On this Passover: Raise a Glass for Redemption

By Vincent Calabrese

This week, Jews around the world will gather with friends and family to celebrate the Passover festival, which we also call, after its central theme and its most central ritual, Zman Heiruteinu and Hag Hamatzot–the Season of Freedom and the festival of Unleavened Bread. A commemoration of the liberation of the Israelites from slavery in Egypt, Passover has long been understood also as a prefiguration of the future redemption which is to heal the brokenness of this world. A family meal has served as the locus of Passover celebration since ancient times, but the character of that meal has changed. While in the days of the Temple the Passover meal centered on the consumption of a sacrificial lamb, accompanied by songs of praise, since the advent of Rabbinic Judaism our celebratory meal–or seder–has had at its core a ritualized discussion of the Exodus story and its themes. 

The atmosphere of this meal is meant, according to Rabbinic law, to evoke an atmosphere of comfort, or even luxury, befitting liberated people. Notably, the Rabbis insist that this standard is to be applied to all Jews, without exception – in the chapter of the Mishnah (the earliest Rabbinic code of law) which details the seder, we read: “Even the poorest of Jews must eat reclining [as was typical for wealthy people during the Rabbinic era], and should have no fewer than four cups of wine – even if they are someone sustained by communal charity.” Thus the seder aims to create a space where, at least for an evening, the divisions of class are overcome. We can draw important lessons from the law of the four cups, both in its function as a dispersal of communal welfare, and in the way (as an aspect of the Passover celebration) it prefigures the future redemption. As a piece of concrete policy, the law of the four cups says no to the idea that the poor do not deserve luxury – in contrast to the cruelty of our welfare system, which is ever-vigilant for the possibility that recipients of welfare might have a moment of material comfort. As a prefiguration of the future redemption, this law stands against the idea that an overcoming of class divides must mean a life of spartan simplicity. It is rather a dream of abundance, in which the many enjoy the pleasures now unjustly limited to the few.

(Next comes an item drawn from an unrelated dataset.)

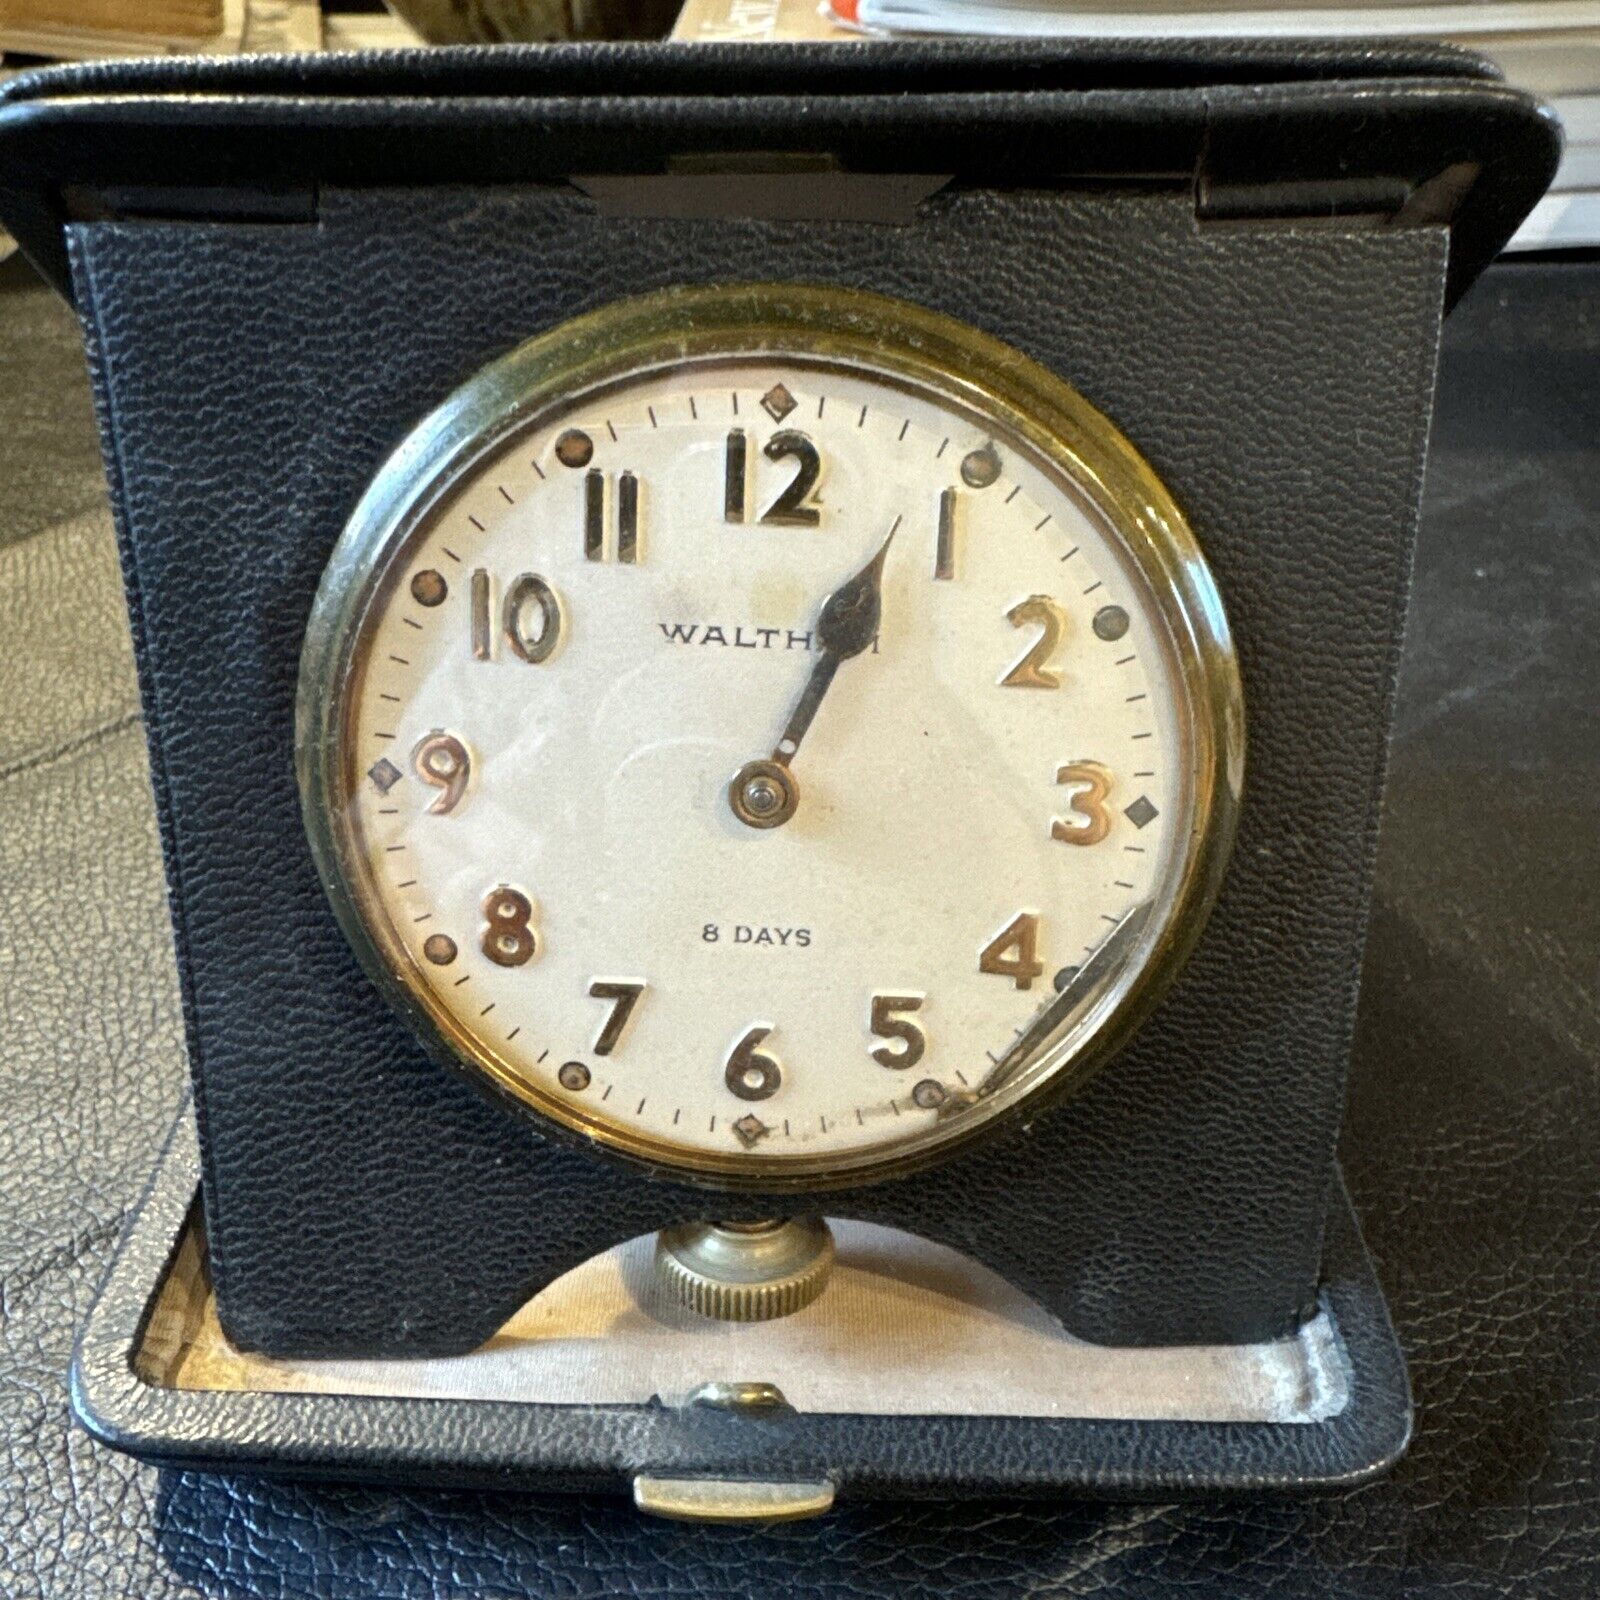 Antique 1926 WALTHAM 9J Mechanical Wind-Up 8 Day Travel Clock with Leather Case

The Mishnah’s guide for the seder is haunted, however, by an unspoken presence that belies this redemptive vision. Throughout the chapter, the moments of ritualized eating and drinking are introduced with formulations such as “they pour him the first cup,” and “they bring before him unleavened bread and lettuce.” The implicit subject of these sentences is in fact the servants or slaves whom the Rabbis imagined to be attending the participants of the seder. Just as reclining and indulgence in wine were the customs of free people that must be practiced by even the poorest Jews, so too, they assumed, liberation means a world in which each has their own butler and valet. In Mishneh Torah, the code of law authored by the medieval philosopher and jurist Maimonides, what was implicit is stated outright. Regarding the child who does not know how to ask about the Passover story, Maimonides writes that one should instruct them as follows: “We were all slaves to Pharaoh in Egypt, just like this maidservant here or this slave here, and on this night God redeemed us and brought us out to freedom.”

The redemption from Egypt, though it sits at the heart of Jewish religious consciousness, was an incomplete redemption, which still waits for its completion. The assumption of the Rabbis and Maimonides – that liberation for some is compatible with and even depends on the subservience of others – reflects this incompleteness, and stands as a sad reminder that our visions of the future are always provisional. In a world of scarcity and conflict, it is all too easy to read these conditions into the nature of things, making them into necessary laws, concluding that the struggle for material and spiritual freedom is a zero-sum game. The celebration of Passover, when we set aside our workaday concerns in order to praise the redemption God has brought and will bring to the world, is also an opportunity to ask ourselves–in what ways might our visions be limited, even now? How might we expand our conception of liberation even farther, and in that small way aid the coming of a time in which all are free to flourish? 


Vincent Calabrese holds a doctorate in Religion from the University of Toronto and is a Rabbinical student in the Advanced Kollel of the Hadar Institute.